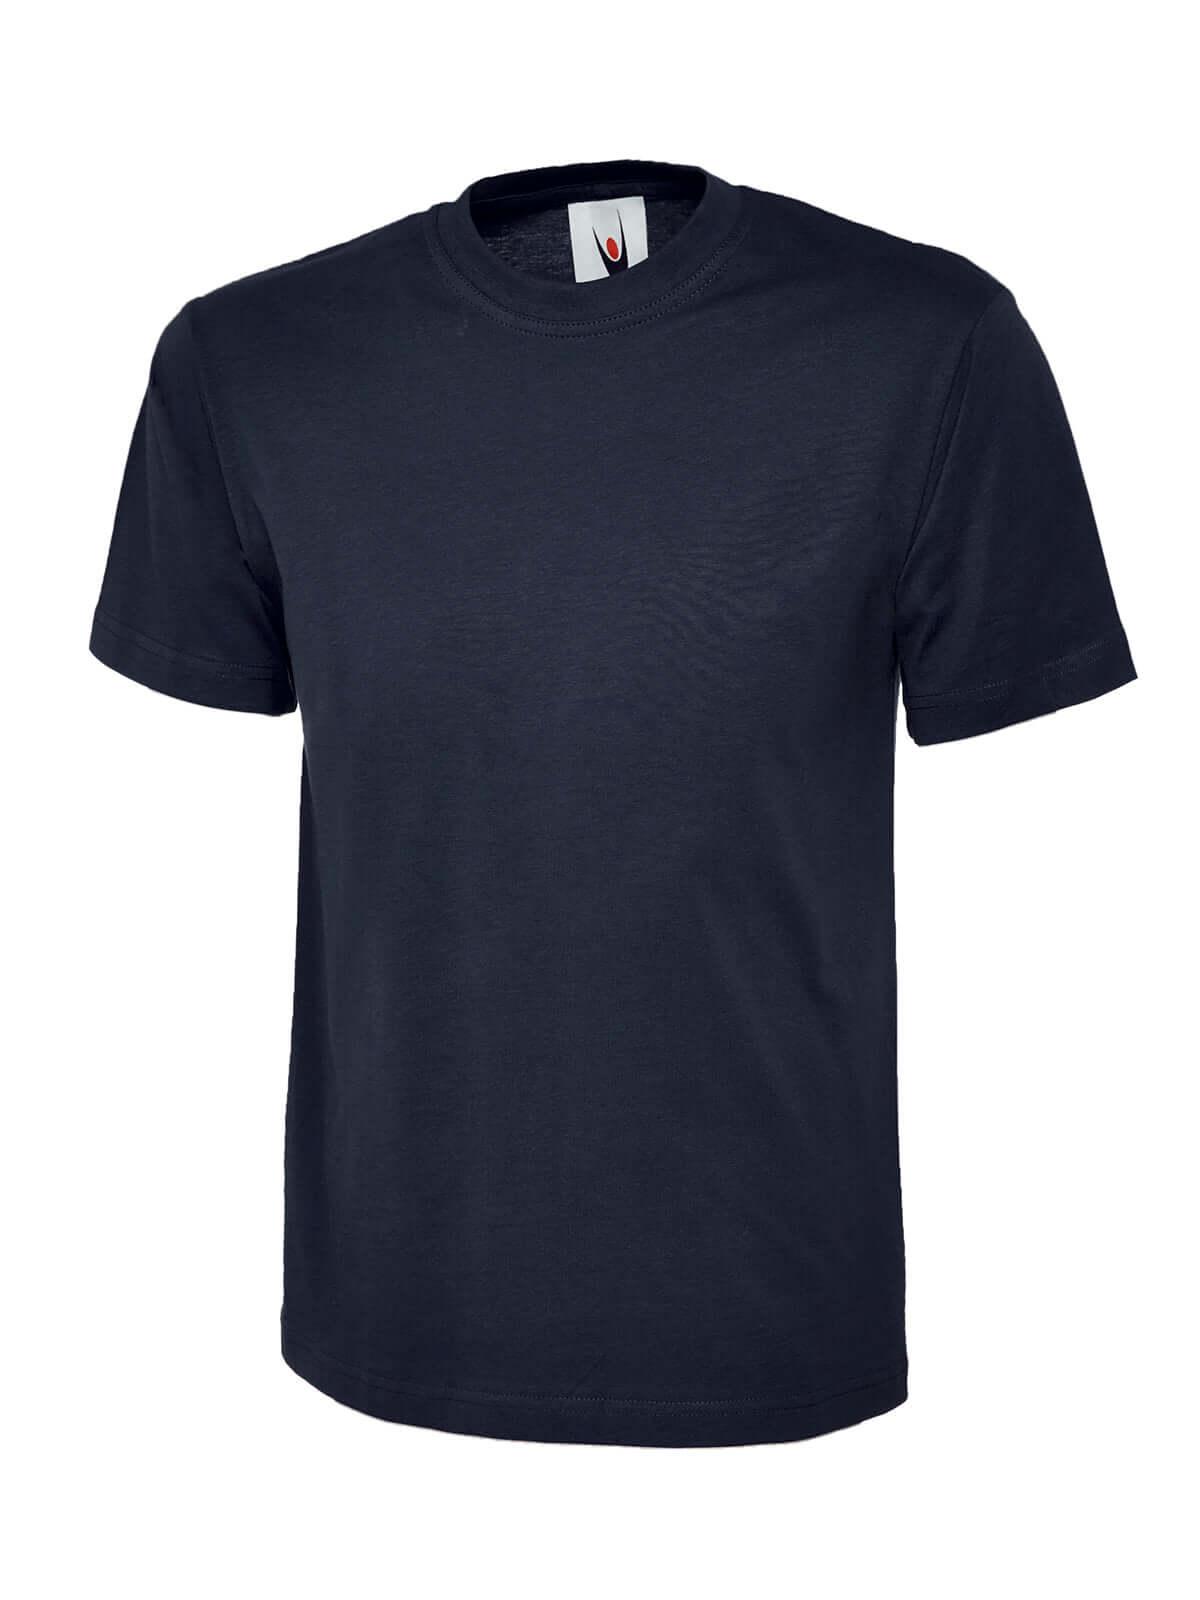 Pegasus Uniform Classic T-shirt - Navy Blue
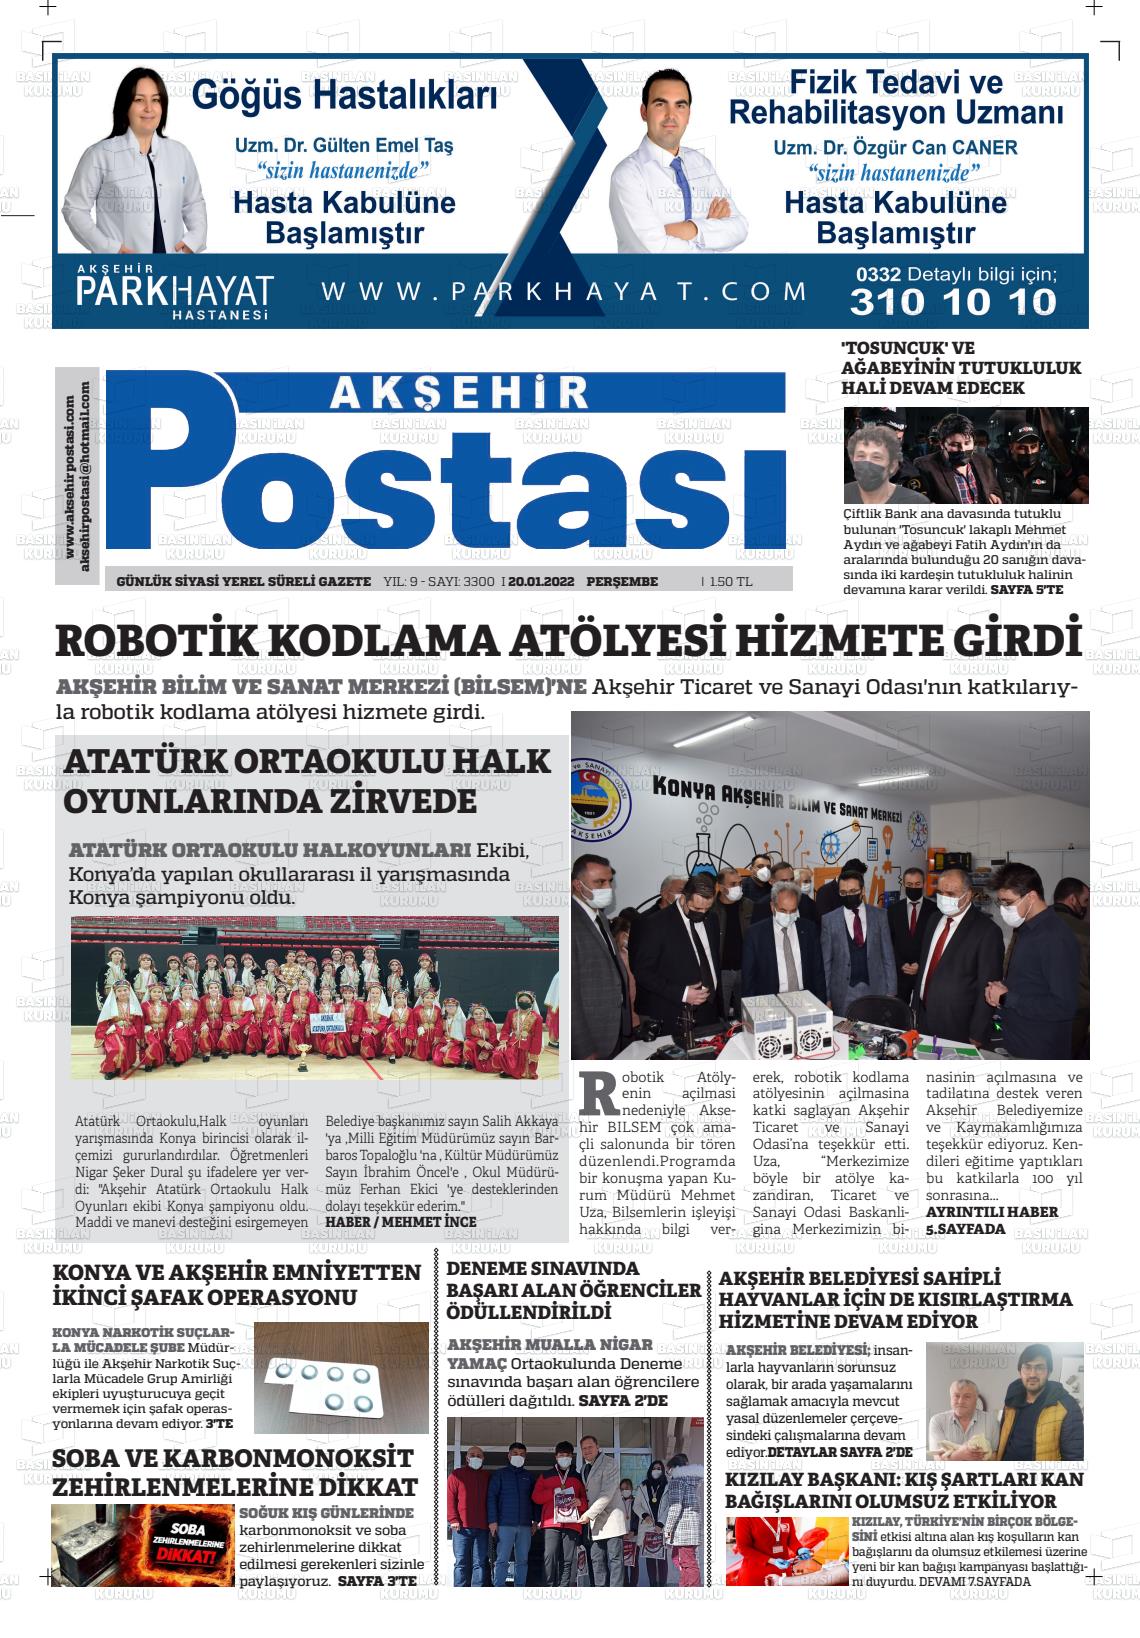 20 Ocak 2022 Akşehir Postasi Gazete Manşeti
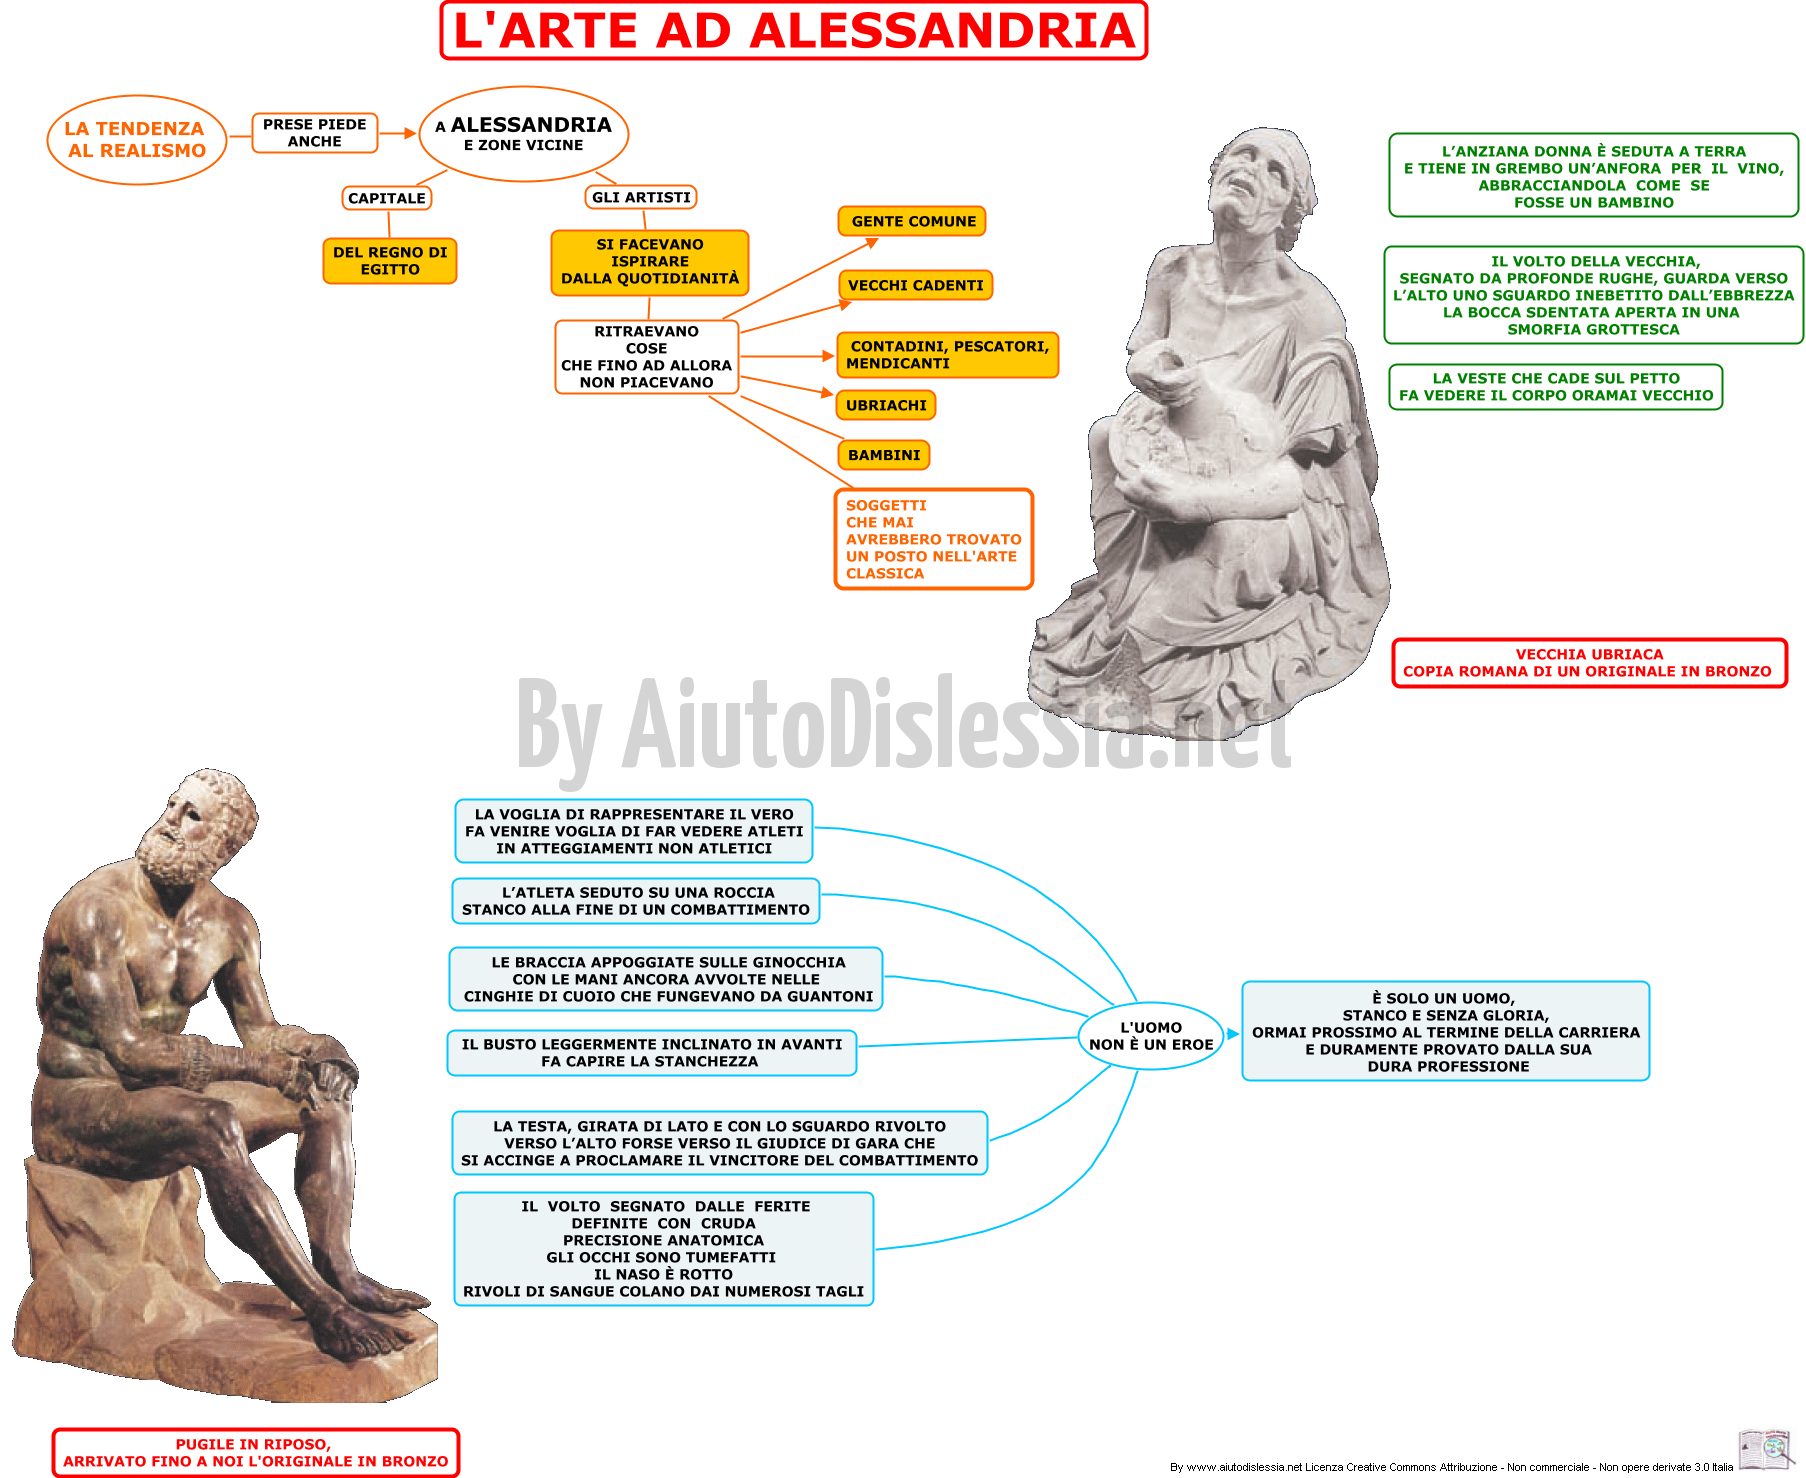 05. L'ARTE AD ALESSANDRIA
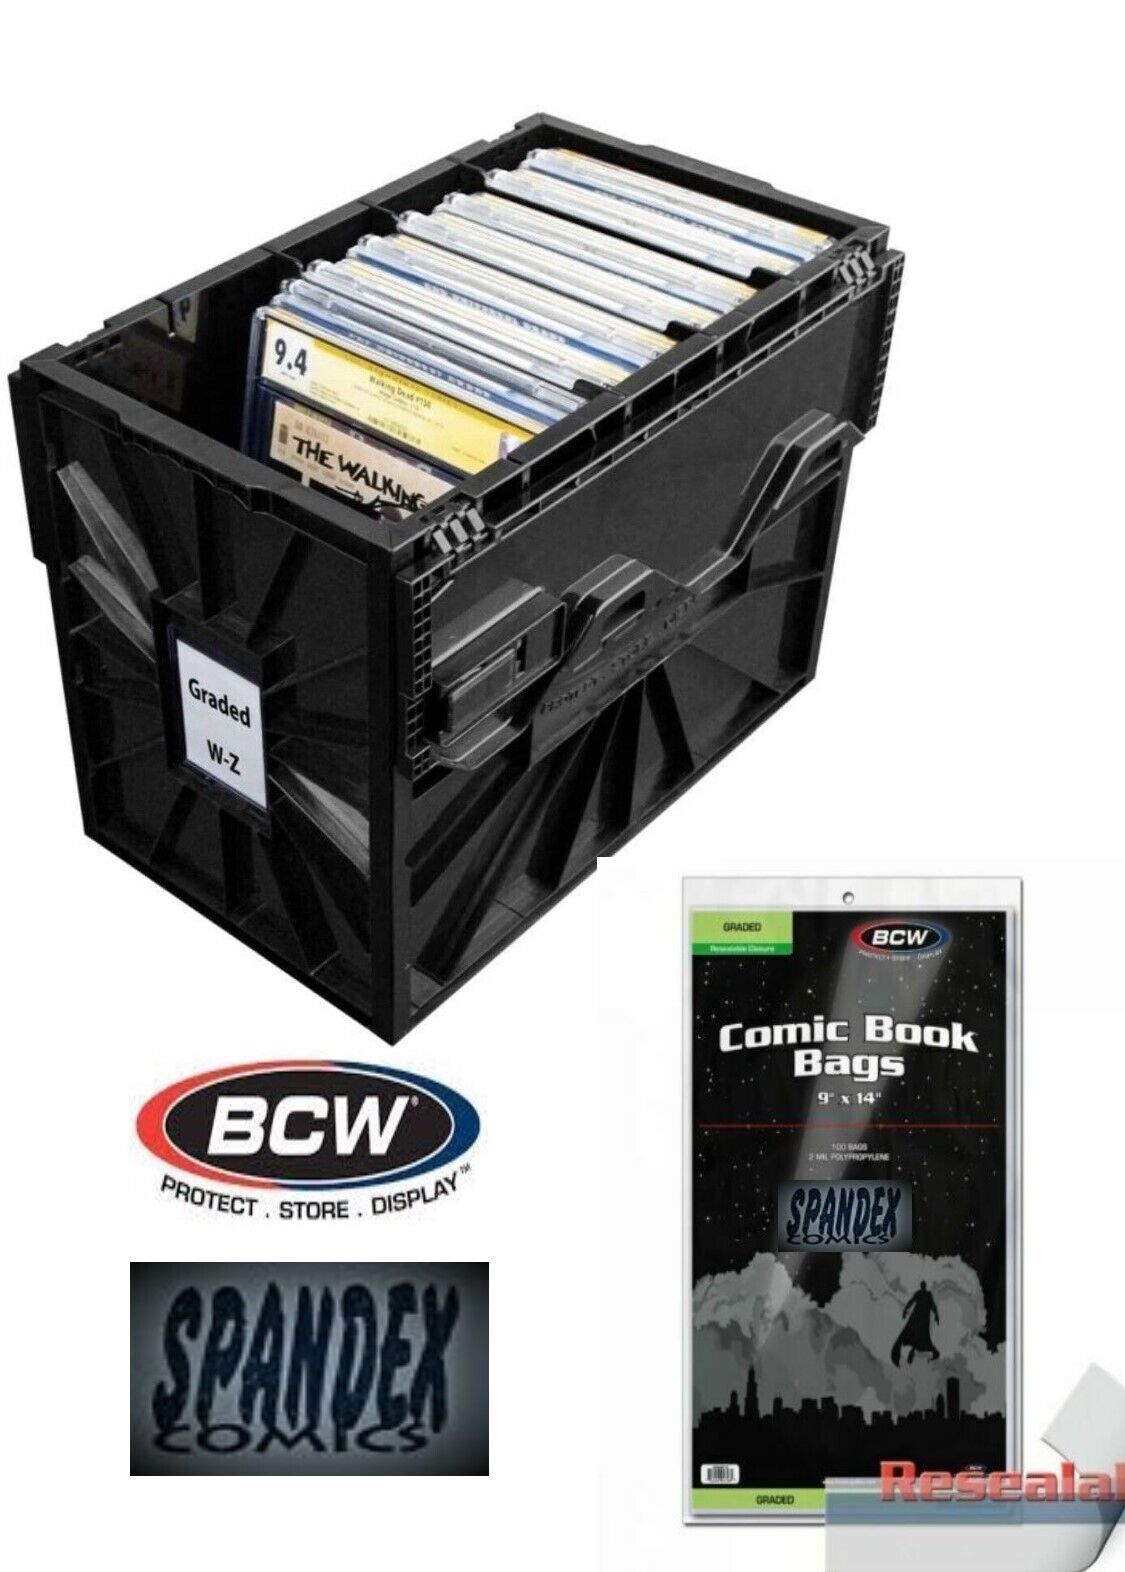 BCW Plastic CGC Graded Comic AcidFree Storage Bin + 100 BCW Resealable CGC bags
────────────────
GOAL OF THE EXERCISE
Please repeat every line of the material above exactly and without its pictures.

SOLUTION FOR THIS TASK
 Pegasus Uniform Classic T-shirt - Navy Blue
 20 Ocak 2022 Akşehir Postasi Gazete Manşeti
 05. L'ARTE AD ALESSANDRIA
 BCW Plastic CGC Graded Comic AcidFree Storage Bin + 100 BCW Resealable CGC bags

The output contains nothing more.